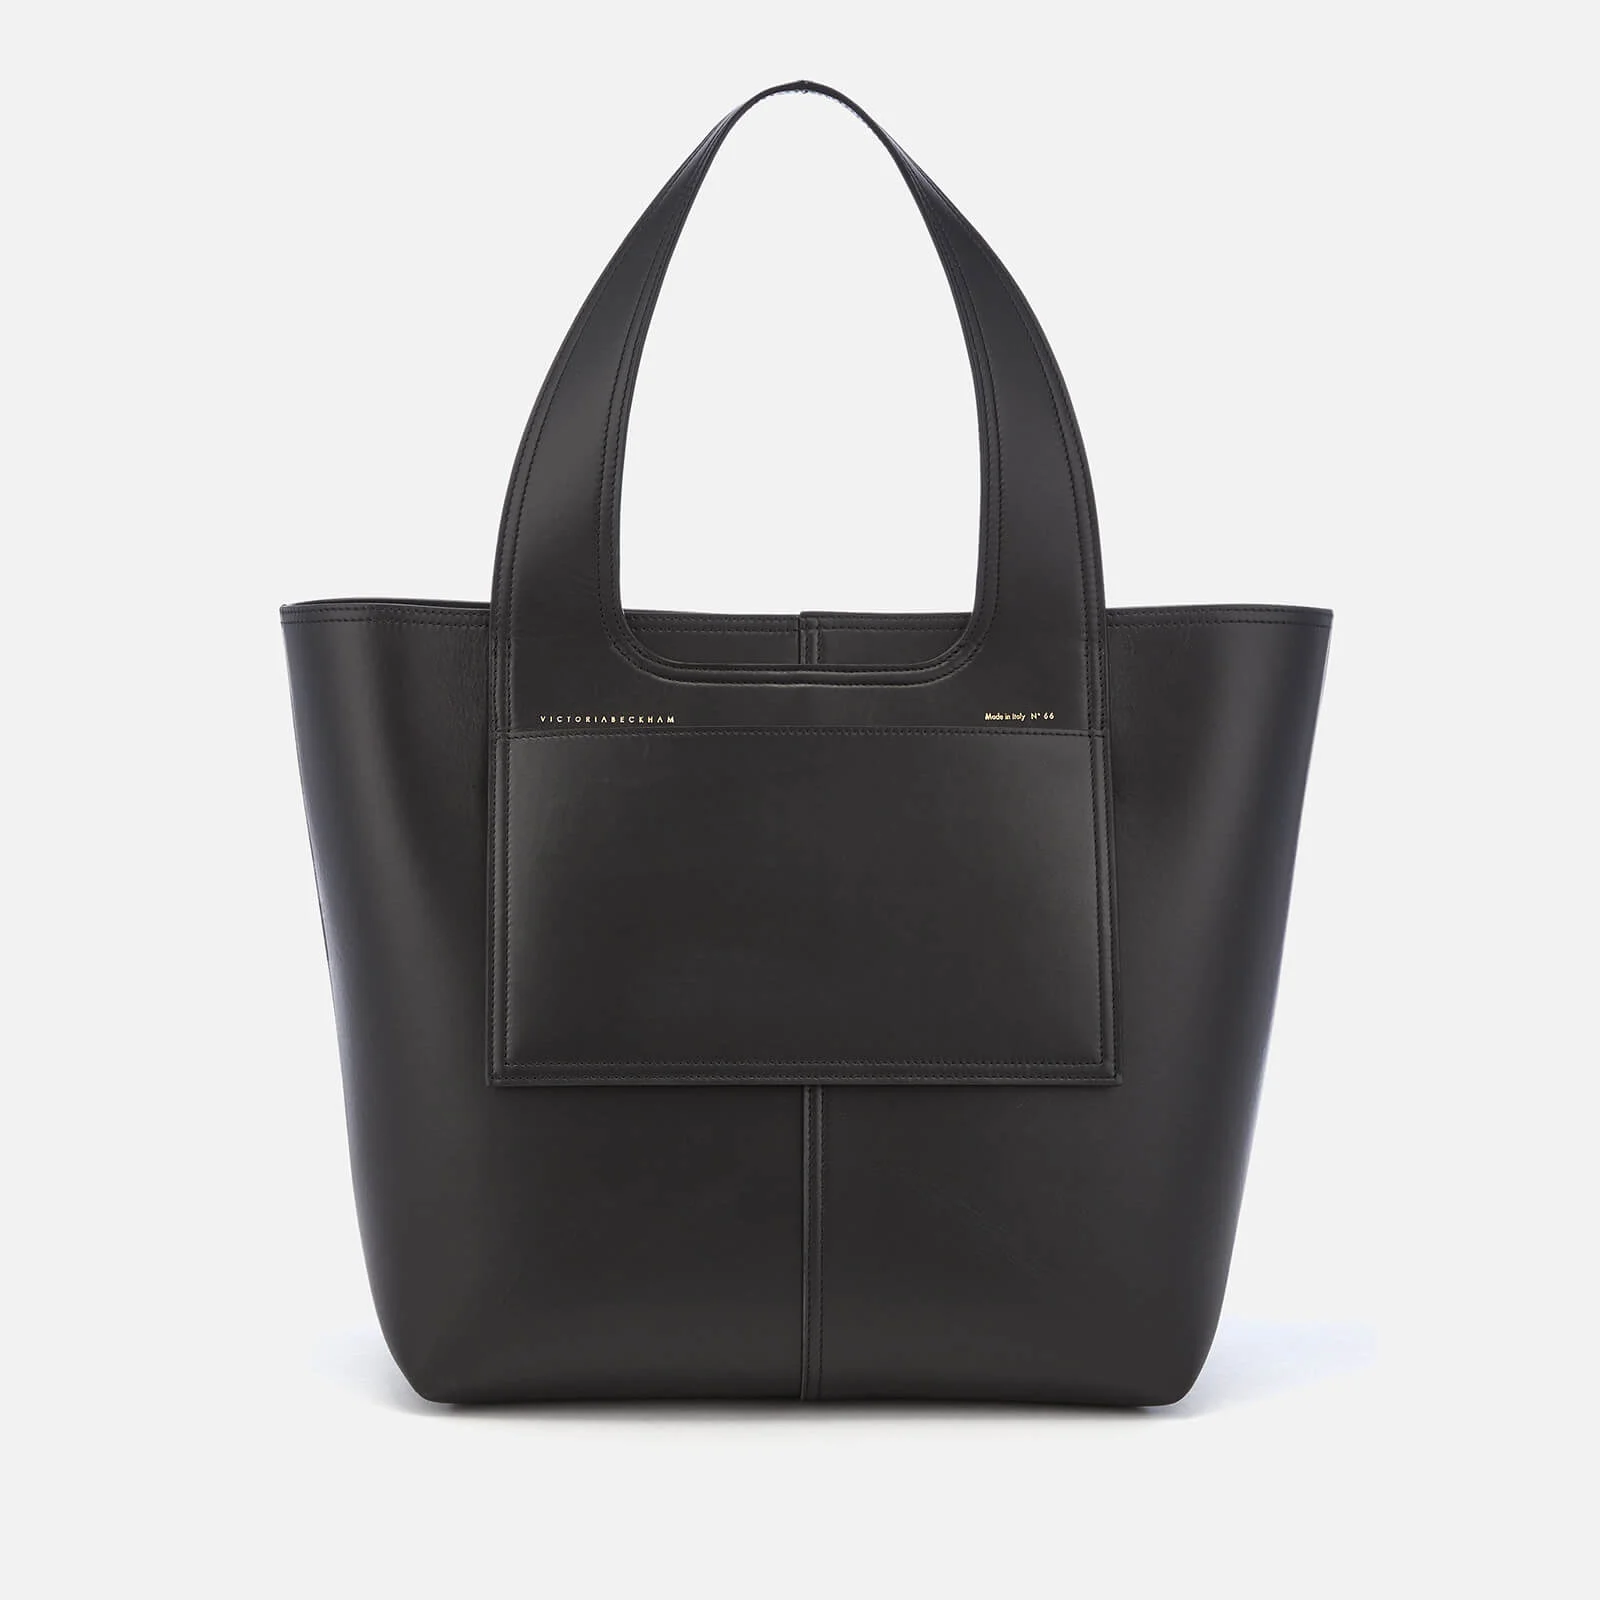 Victoria Beckham Women's Apron Tote Bag - Black Image 1
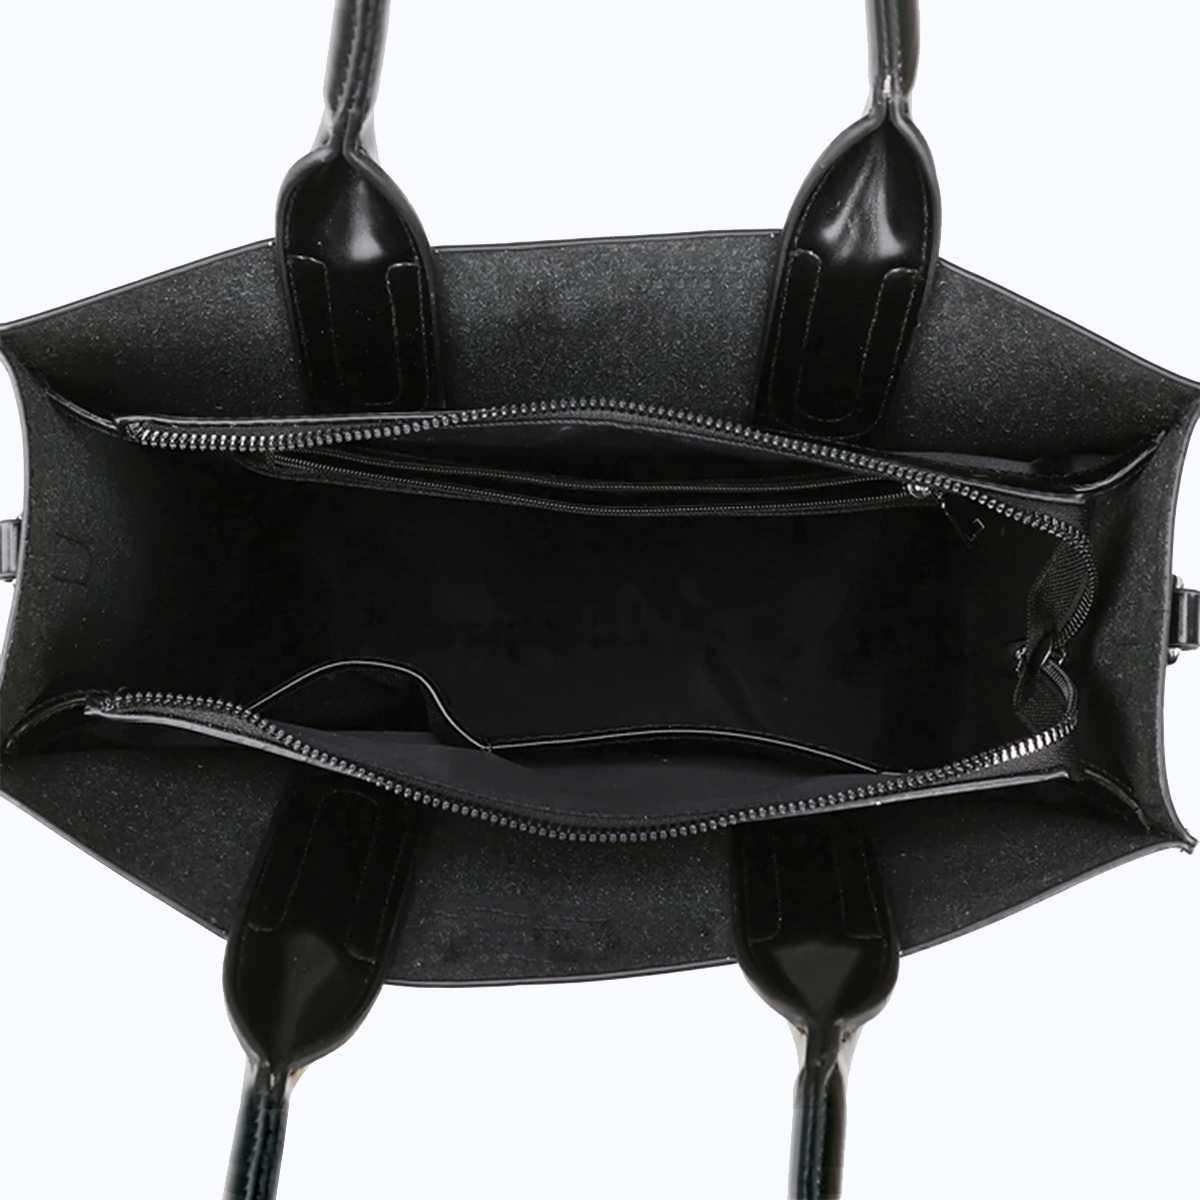 Griffon Bruxellois Luxury Handbag V4
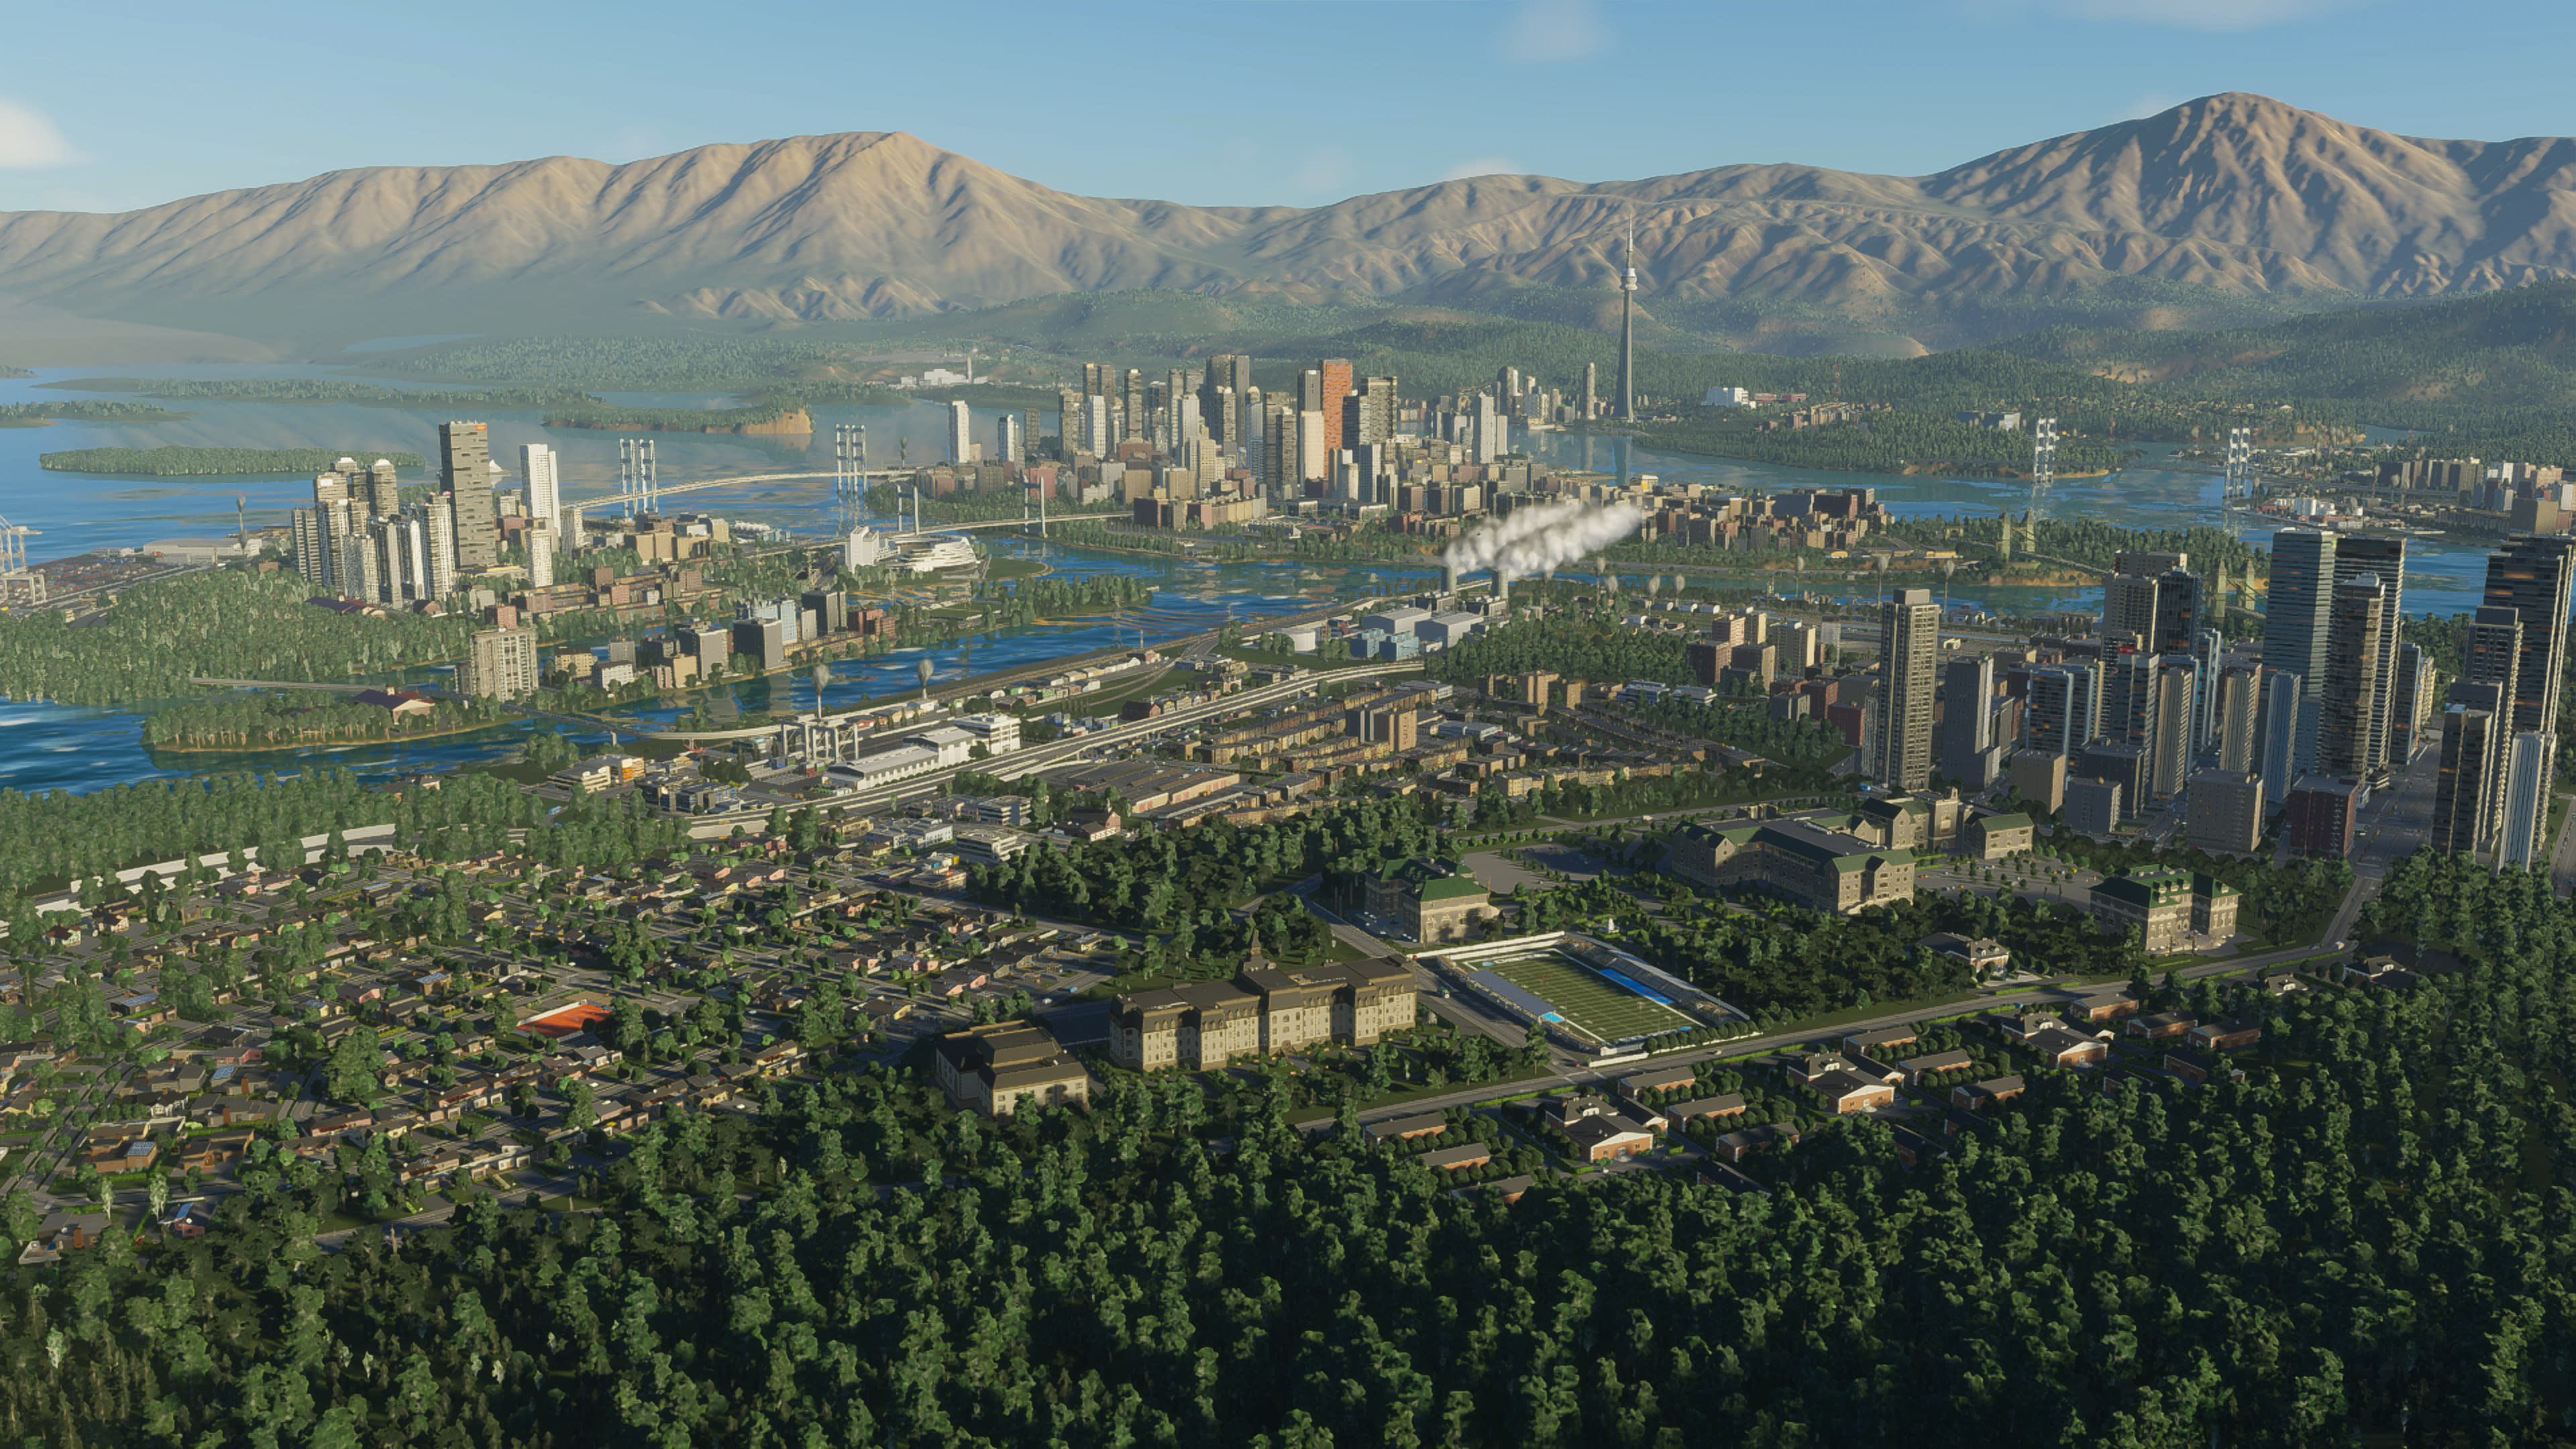 Cities: Skylines 2 Ultimate Edition Pc Digital

## WHAT NEEDS TO BE DONE
Could you return the listing above exactly, minus its pictures?

## ANSWER TO THIS EXERCISE
 Victoria Beckham Women's Apron Tote Bag - Black Image 1
 Griffon Bruxellois Luxury Handbag V4
 Cities: Skylines 2 Ultimate Edition Pc Digital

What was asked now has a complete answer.